A magnetic biomass/MOF composite as a functional material for the oxidative removal of tetracycline: Degradation mechanism and toxicity study

Nitrogen doped magnetic biomass materials offers unique advantages for wastewater remediation processes. In this study, the mechanisms underlying activation of peroxydisulfate (PS) using a magnetic biomass/MOF composite (MPN@NH2-MIL-101(Fe)) endowed with nitrogen atoms for the removal of tetracyclines (TC) from wastewater was investigated. Results of the study proved the significant role of nitrogen atoms in enhancing the degradation efficiency due to the non-radical degradation pathway.

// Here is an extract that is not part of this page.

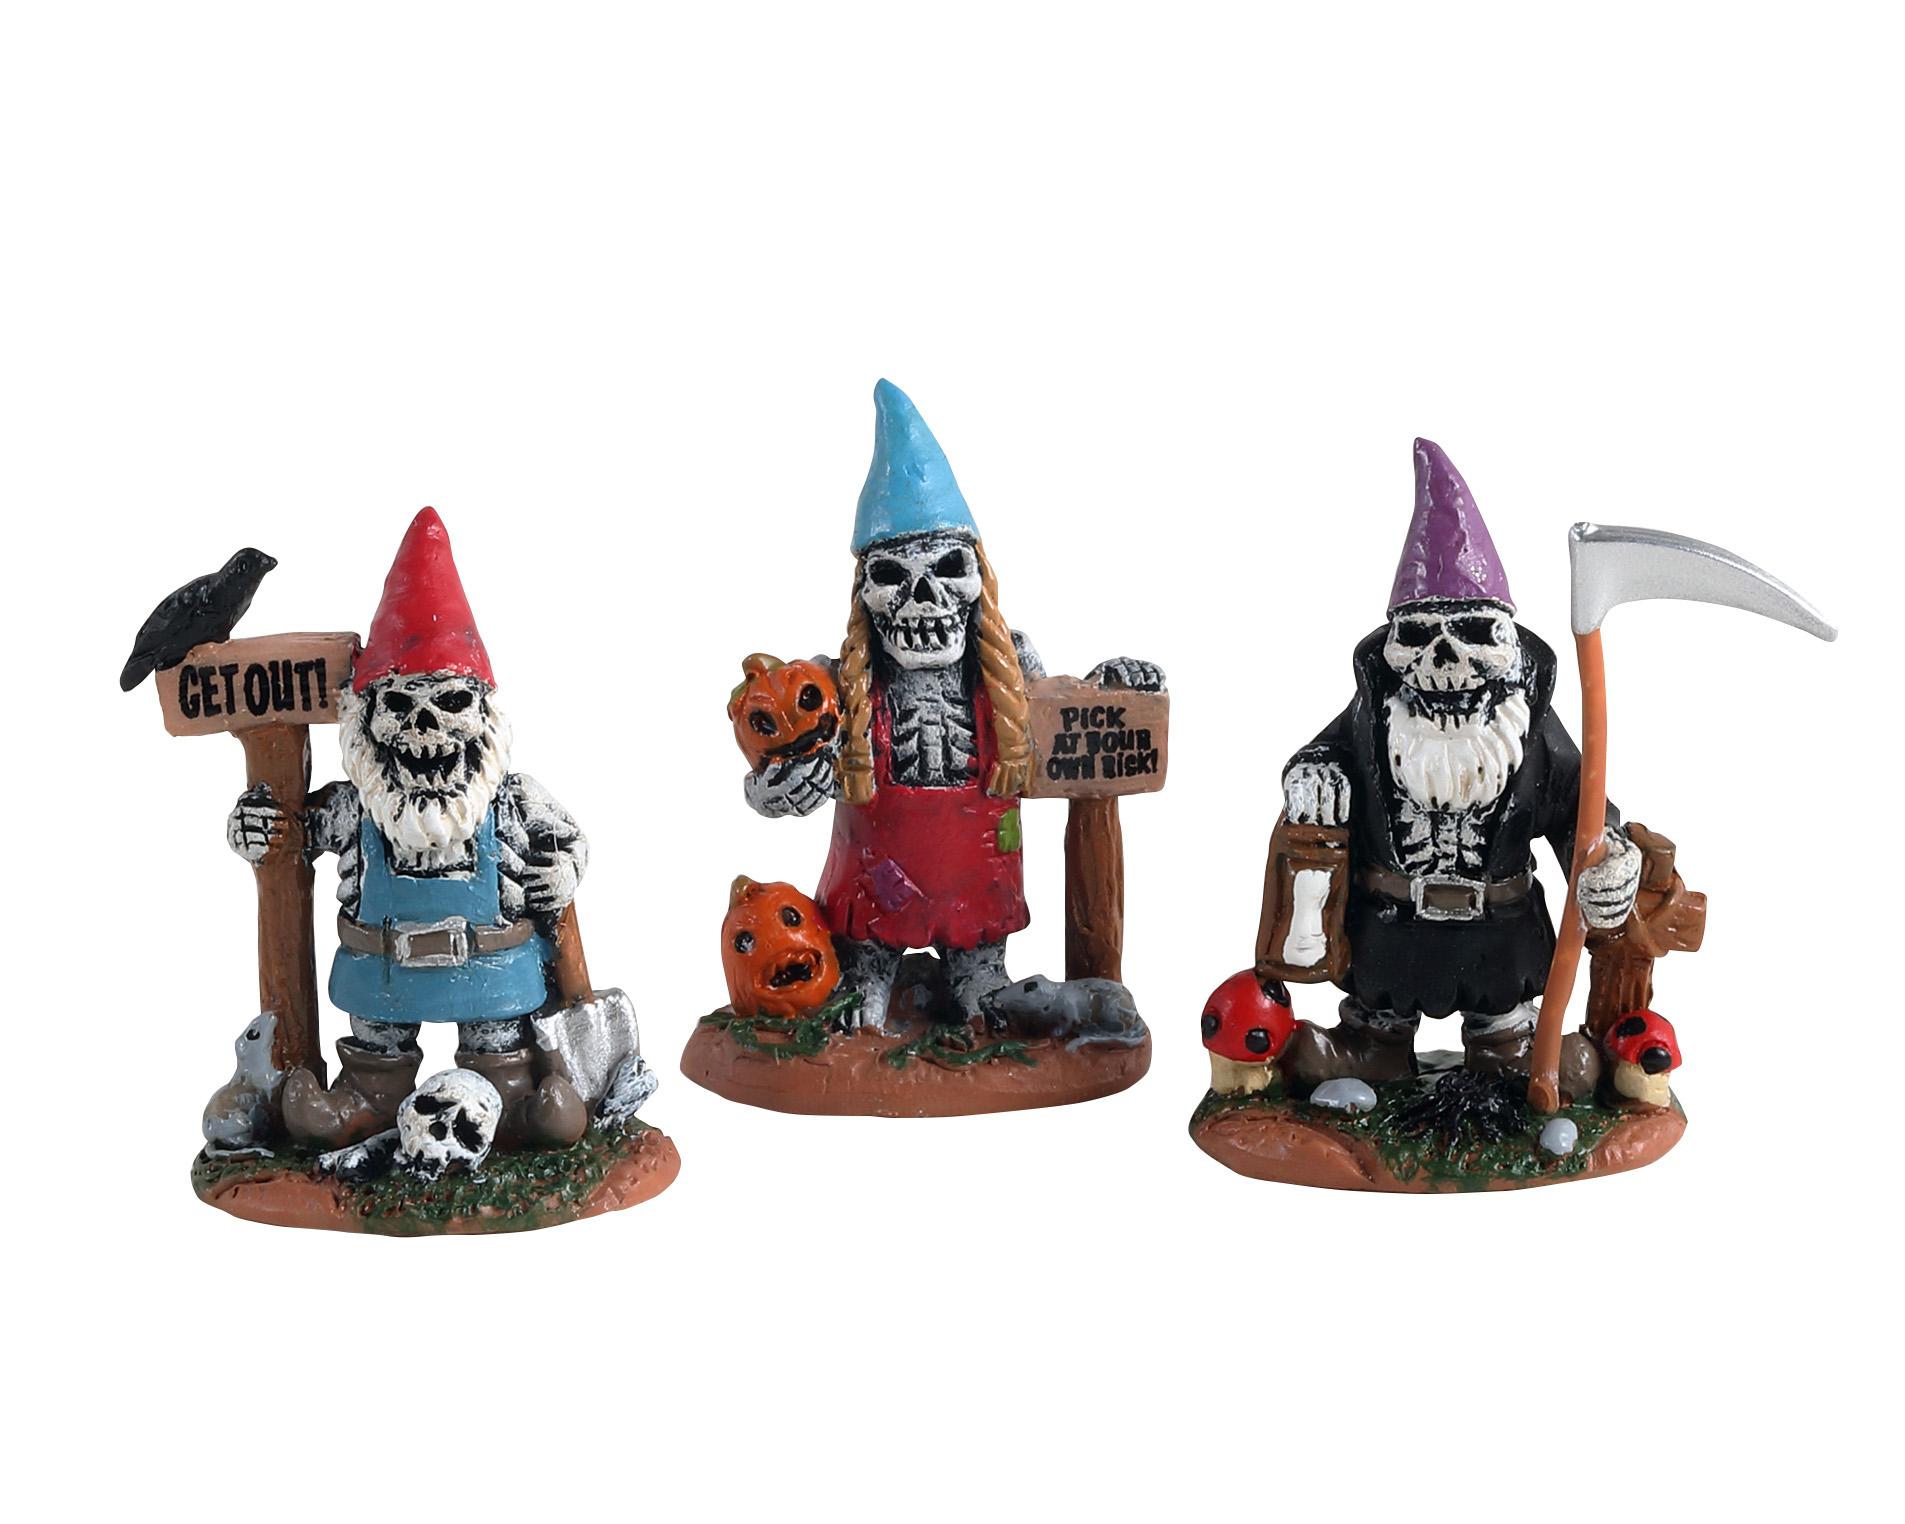 Skeleton garden gnomes, set of 3

Quenching experiments and electron paramagnetic resonance (EPR) investigations indicated that singlet oxygen (1O2), hydroxyl (HO•) and sulfate (SO4•-) radicals were responsible for the catalytic degradation of TC albeit the chemisorption process may also occur simultaneously. In addition, MPN@NH2-MIL-101 (Fe) was found to have good biocompatibility and a good mineralization efficiency resulting in benign intermediates as was confirmed by the significant improvement in the cytotoxicity of TC treated effluents towards human embryonic kidney (HEK) cells. MPN@NH2-MIL-101(Fe)/PS system exhibited an ultra-fast (5 min) and appreciable degradation efficiency towards TC in real water samples albeit this was dependent on the water matrix. These properties coupled with the low cost involved in its development as recorded from the cost analysis may corroborate its economic feasibility and prospects for practical applications.